Oct 18,2006- The Now News

City looks at creating fund to pay for replacement trees

By Leneen Robb - Staff Reporter

If a tree falls in the forest, does anybody calculate the estimated net benefit it provided during its lifetime? Probably not, but if they did, the figure would be somewhere between $6 and $67 per year, according to a new report from the City of Coquitlam.

The draft city street tree management plan, written by Coquitlam's general manager of leisure and parks services, Edie Doepker, attempts to put a dollar amount to the benefits - including storm water retention, air pollution mitigation, energy savings and esthetic value - of the city's roughly 450,000 trees. The figure Doepker came up with is $11.4 million annually.

Mike Nihls, the city's manager of parks and open space services, said in an interview that the practice of assigning a dollar cost to trees is based on research started in the last five years or so. Researchers take into account such things as how much carbon dioxide trees take out of the air, subtract the cost of maintaining those trees, then arrive at a net benefit.

The city hired a firm last year, Nihls said, to do what is admittedly not an exact science - attach economic value to what are commonly viewed as the qualitative benefits of trees.

Doepker's report estimates that, based on a 40-year lifespan, total net lifetime benefits range from $240 for a small tree to $2,687 for a larger one.

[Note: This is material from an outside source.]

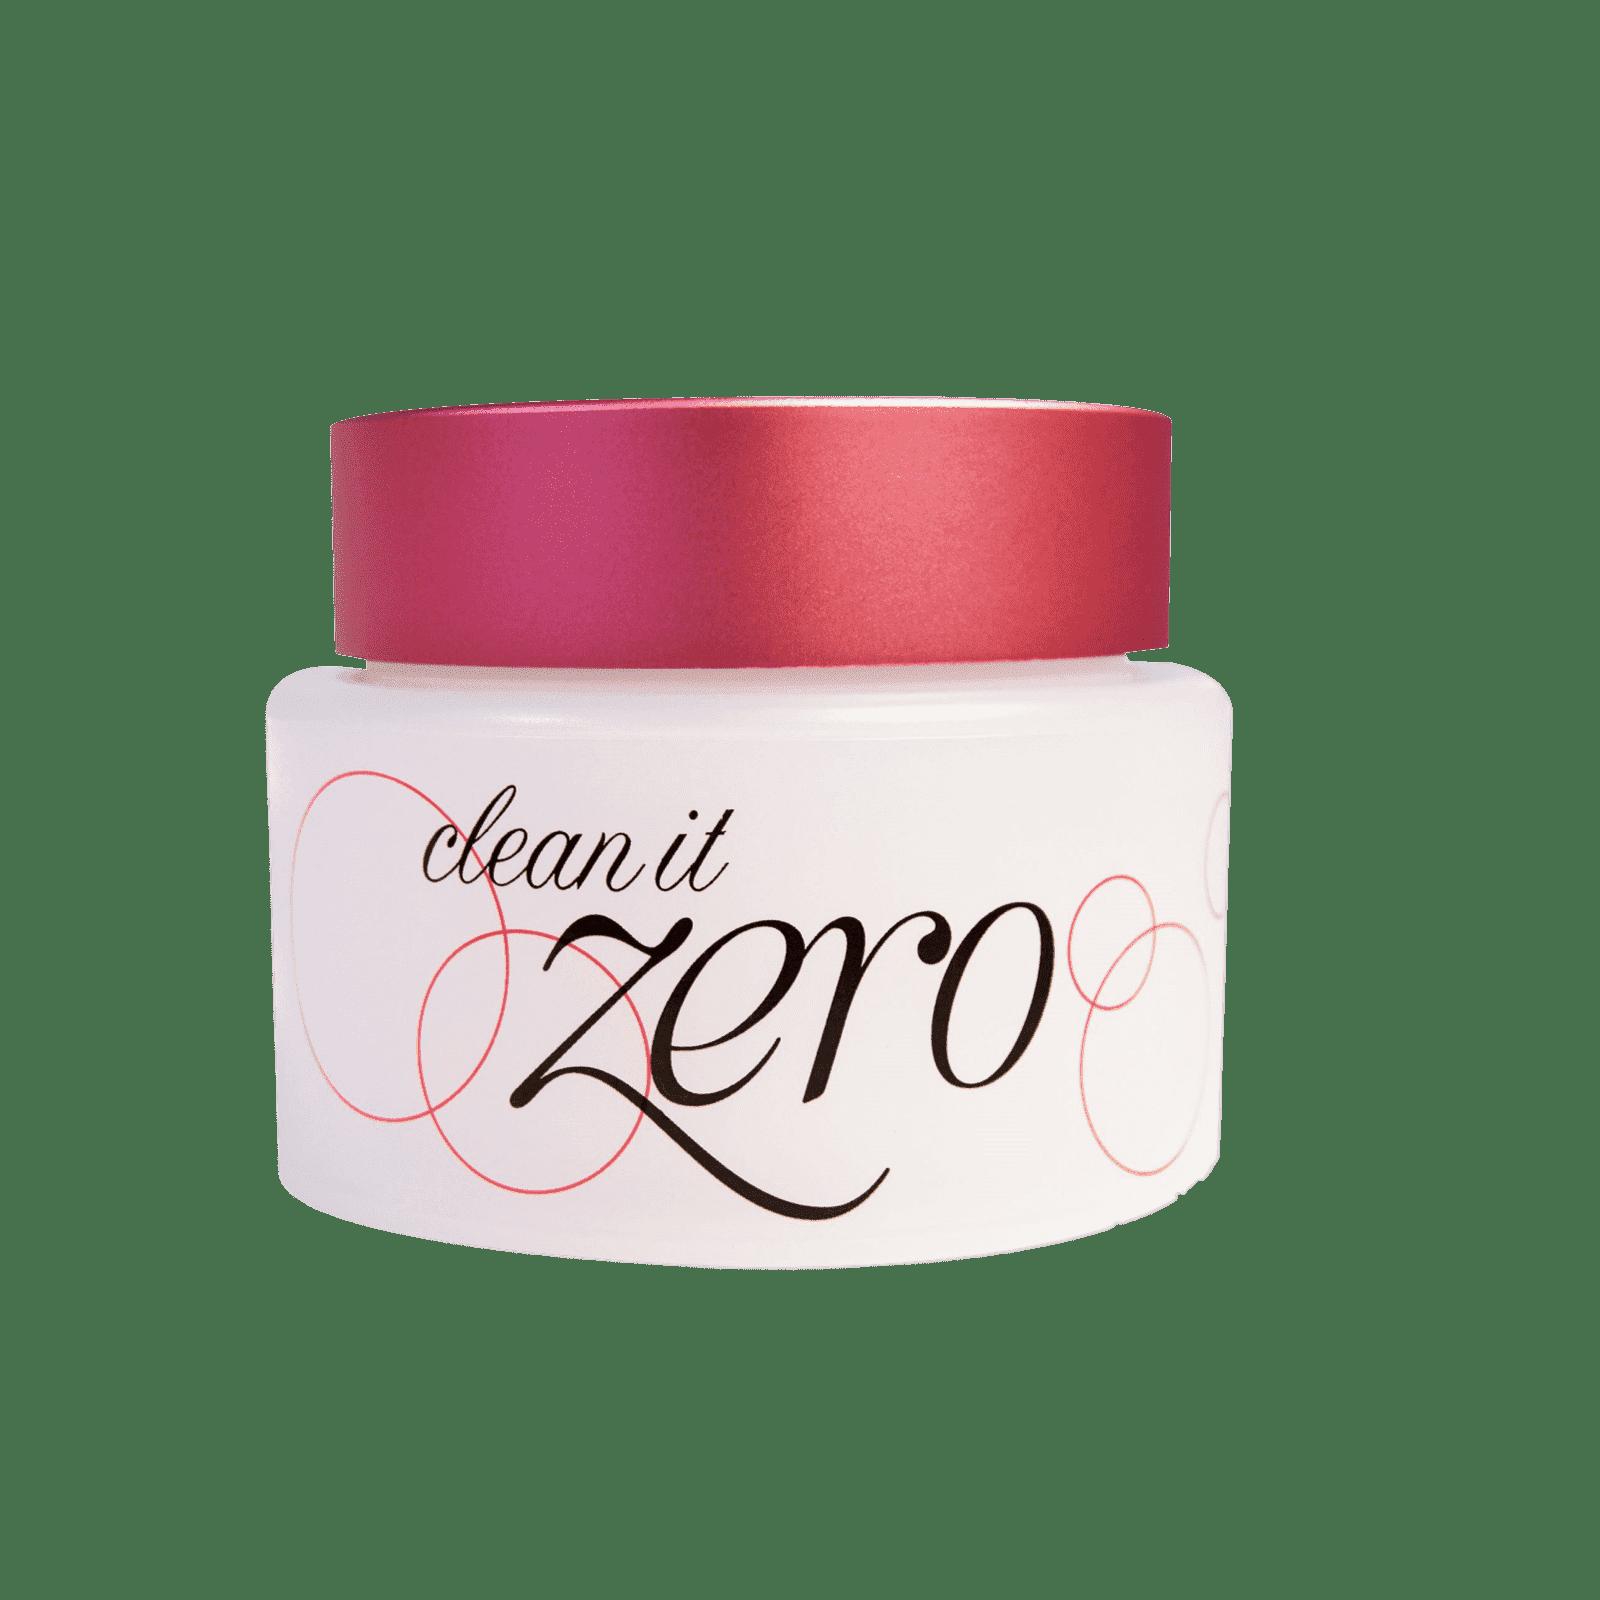 Banila-Clean-It-Zero-Cleanser_clipped_rev_1-min.png

Where there are benefits, there are usually costs, of course, and the city's report aims to pin down how much Coquitlam should spend to maintain its street trees.

Nihls said trees - which are now required as part of subdivision servicing - are relatively cheap to maintain when they're young, but cost more as they age, partly because pruning a larger tree takes more time.

The report, which has not yet been voted on by council, suggests that for each new tree planted, the city put aside $50 in an annual street tree maintenance fund.

Most of that amount - $30 - would go toward maintenance - while $15 would be put into a reserve fund to pay for the cost of planting replacement trees and $5 would be used to pay for indirect maintenance activities such as street sweeping and catch basin inspection.

Nihls said the city has about 3,000 street trees now - there are about 180,000 trees on city property - and that number could double in 15 years.

While developers will pay for the cost of planting new trees, the city is responsible for their maintenance.

Nihls expects crews to plant about 200 new trees each year, and says that if the $50-per-tree fee is approved, it will only cost the city about $10,000 annually.

"Staff have done a street tree management plan now to be proactive, to make sure that we're preparing," he said, "now that trees are required as part of subdivision servicing."